## [Problem statement]
All the lines below need to be transcribed exactly. Pictures get left out.

## [Data excerpt]
--------------------

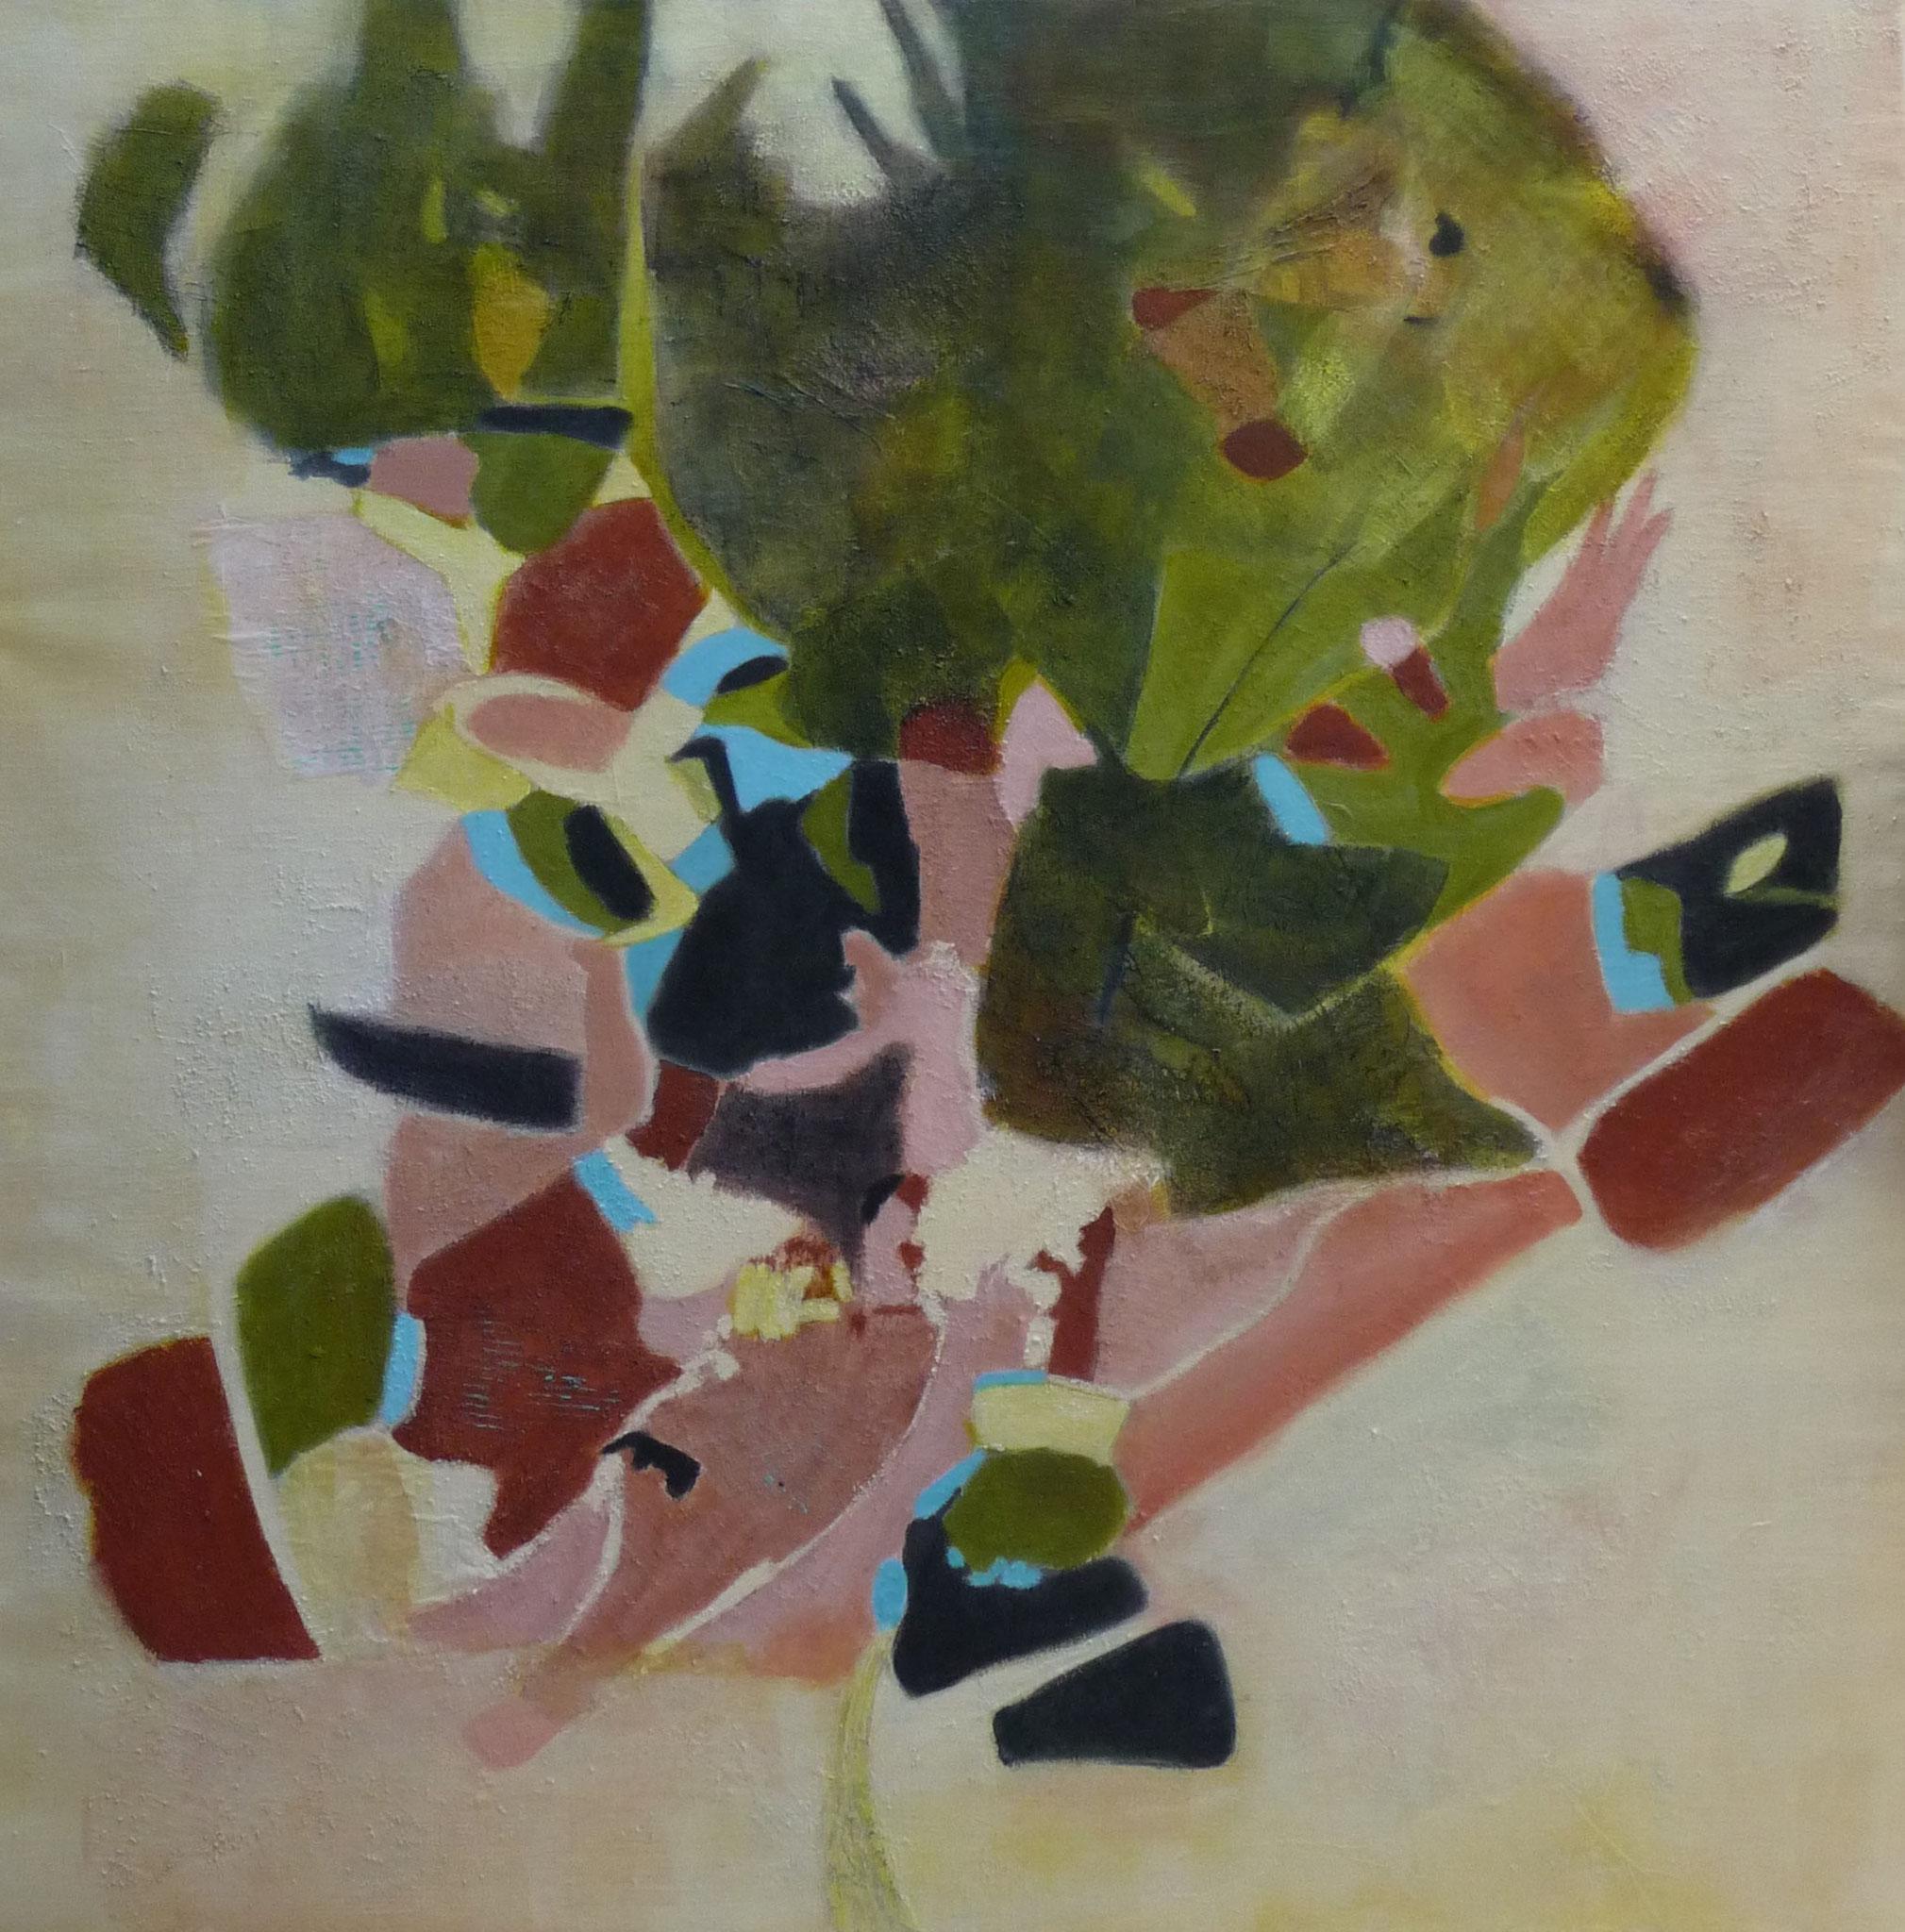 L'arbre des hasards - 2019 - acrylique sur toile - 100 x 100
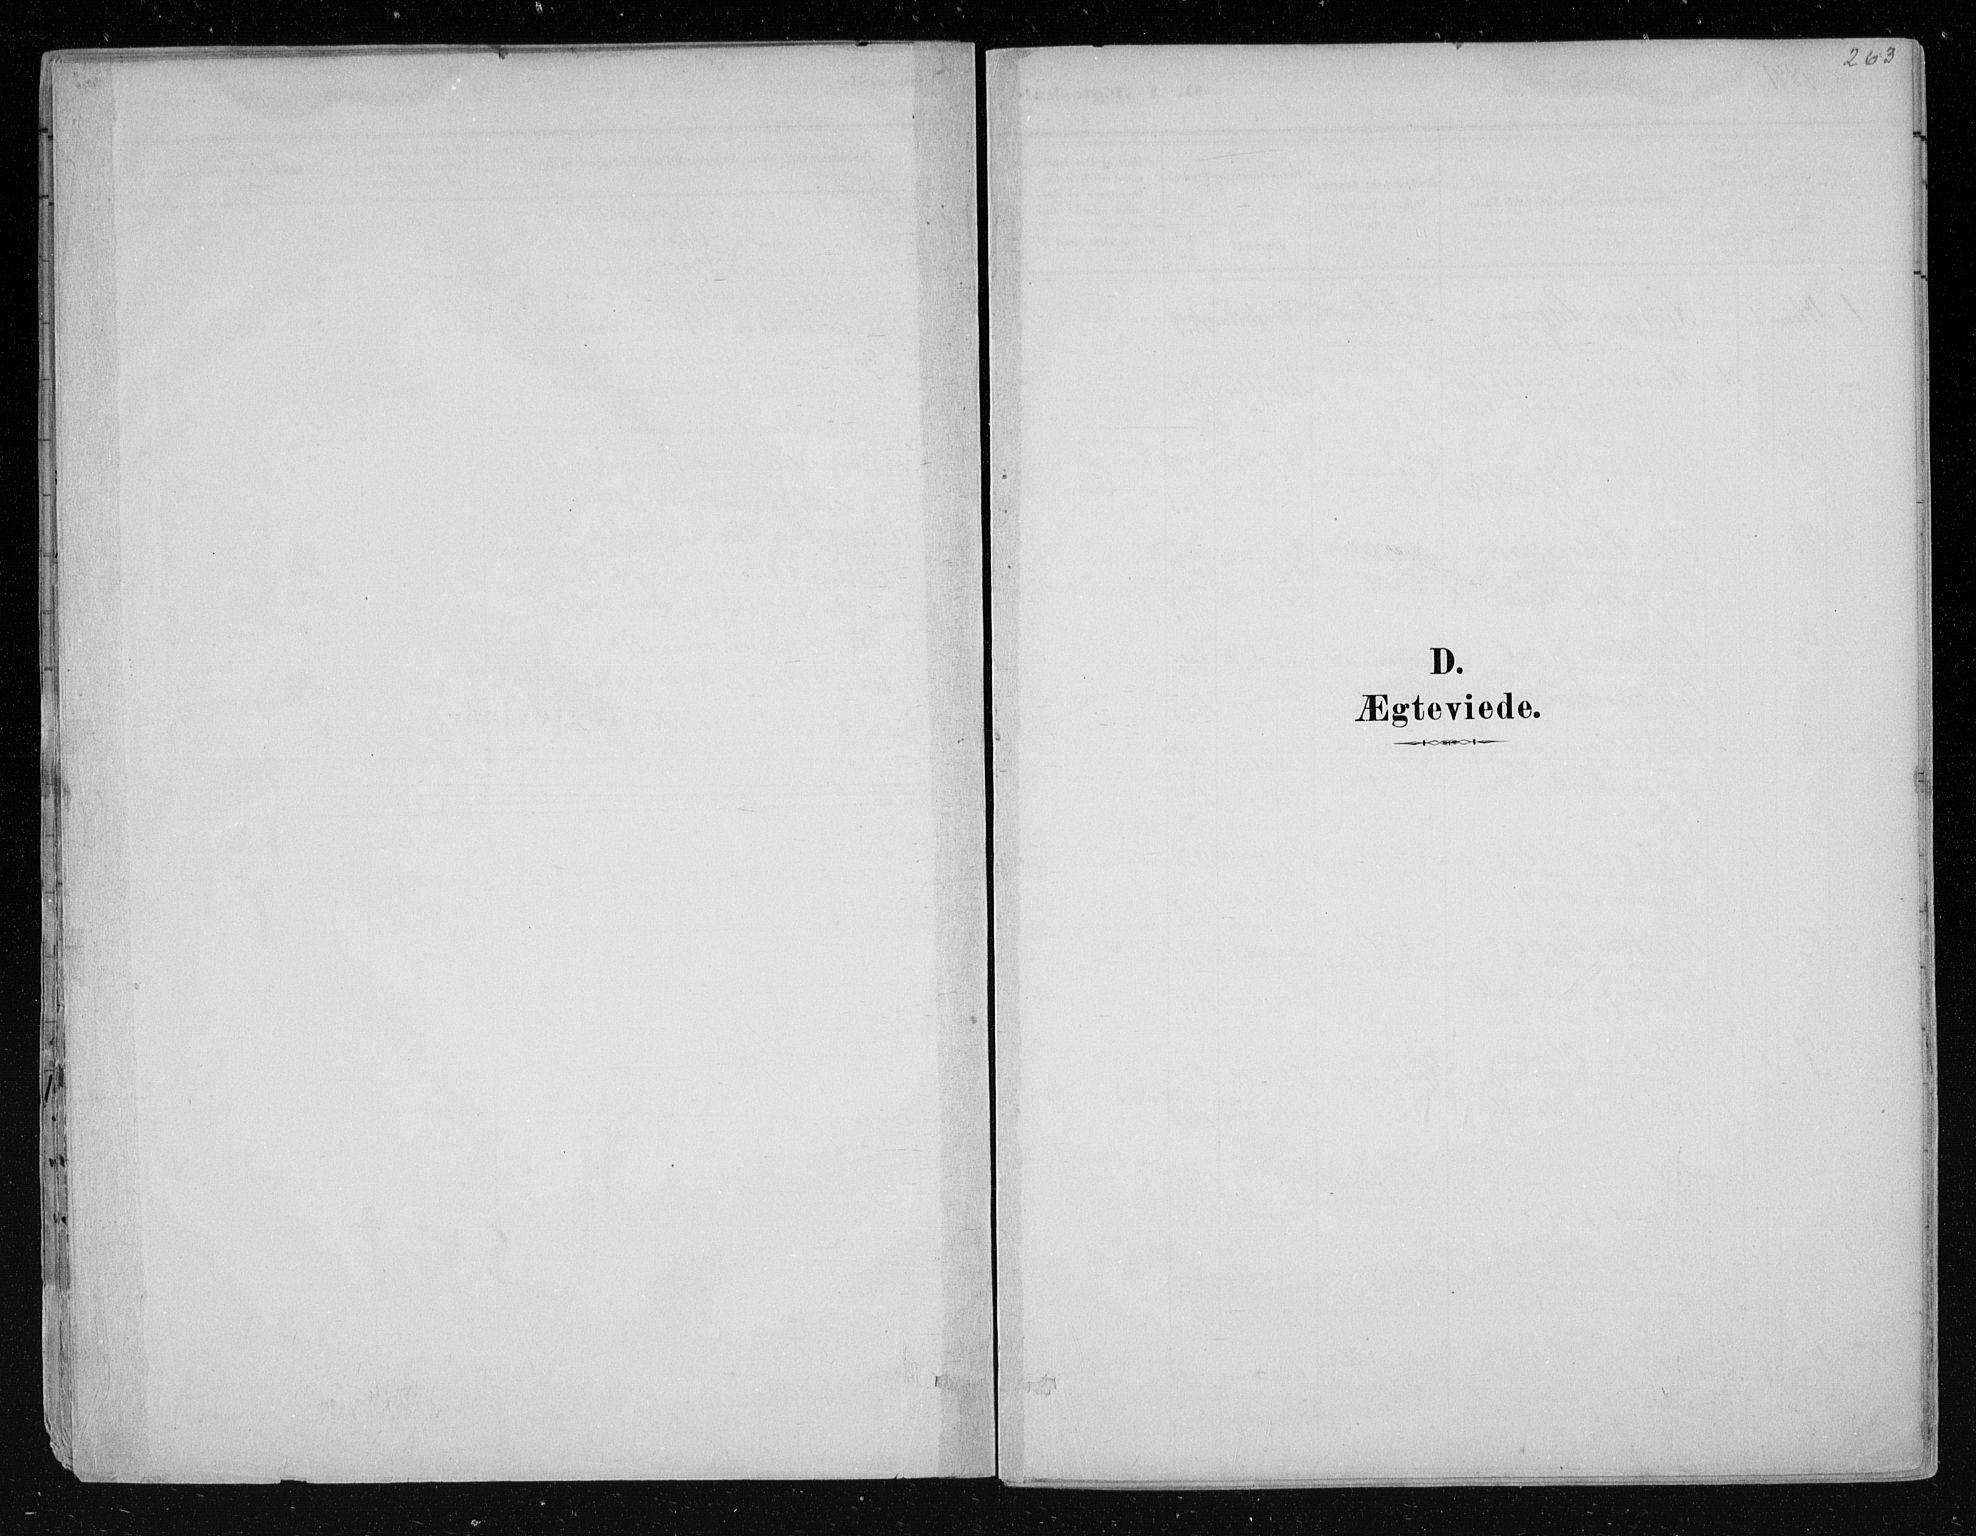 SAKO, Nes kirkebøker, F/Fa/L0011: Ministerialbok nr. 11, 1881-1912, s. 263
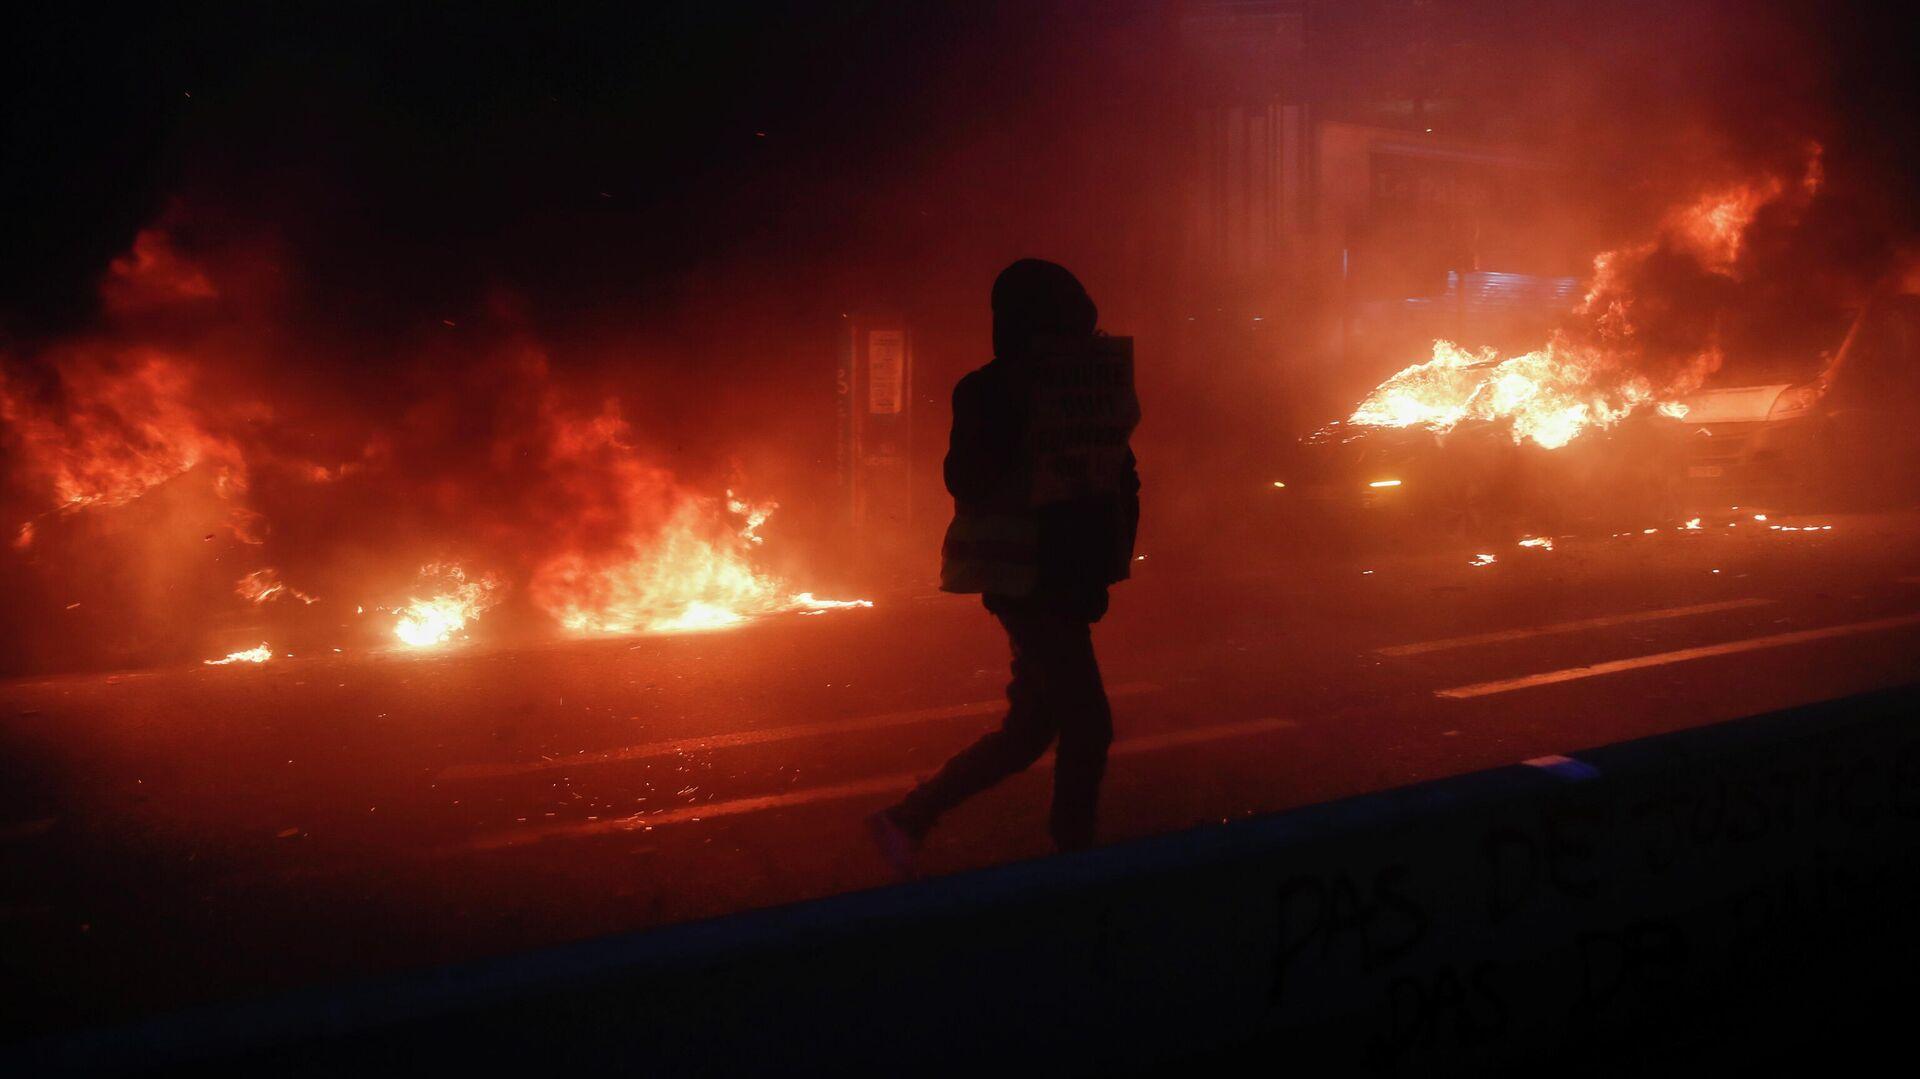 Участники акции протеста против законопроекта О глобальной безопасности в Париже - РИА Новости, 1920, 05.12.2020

--------------------

## [Result of this task]
 L'arbre des hasards - 2019 - acrylique sur toile - 100 x 100
 SAKO, Nes kirkebøker, F/Fa/L0011: Ministerialbok nr. 11, 1881-1912, s. 263
 Участники акции протеста против законопроекта О глобальной безопасности в Париже - РИА Новости, 1920, 05.12.2020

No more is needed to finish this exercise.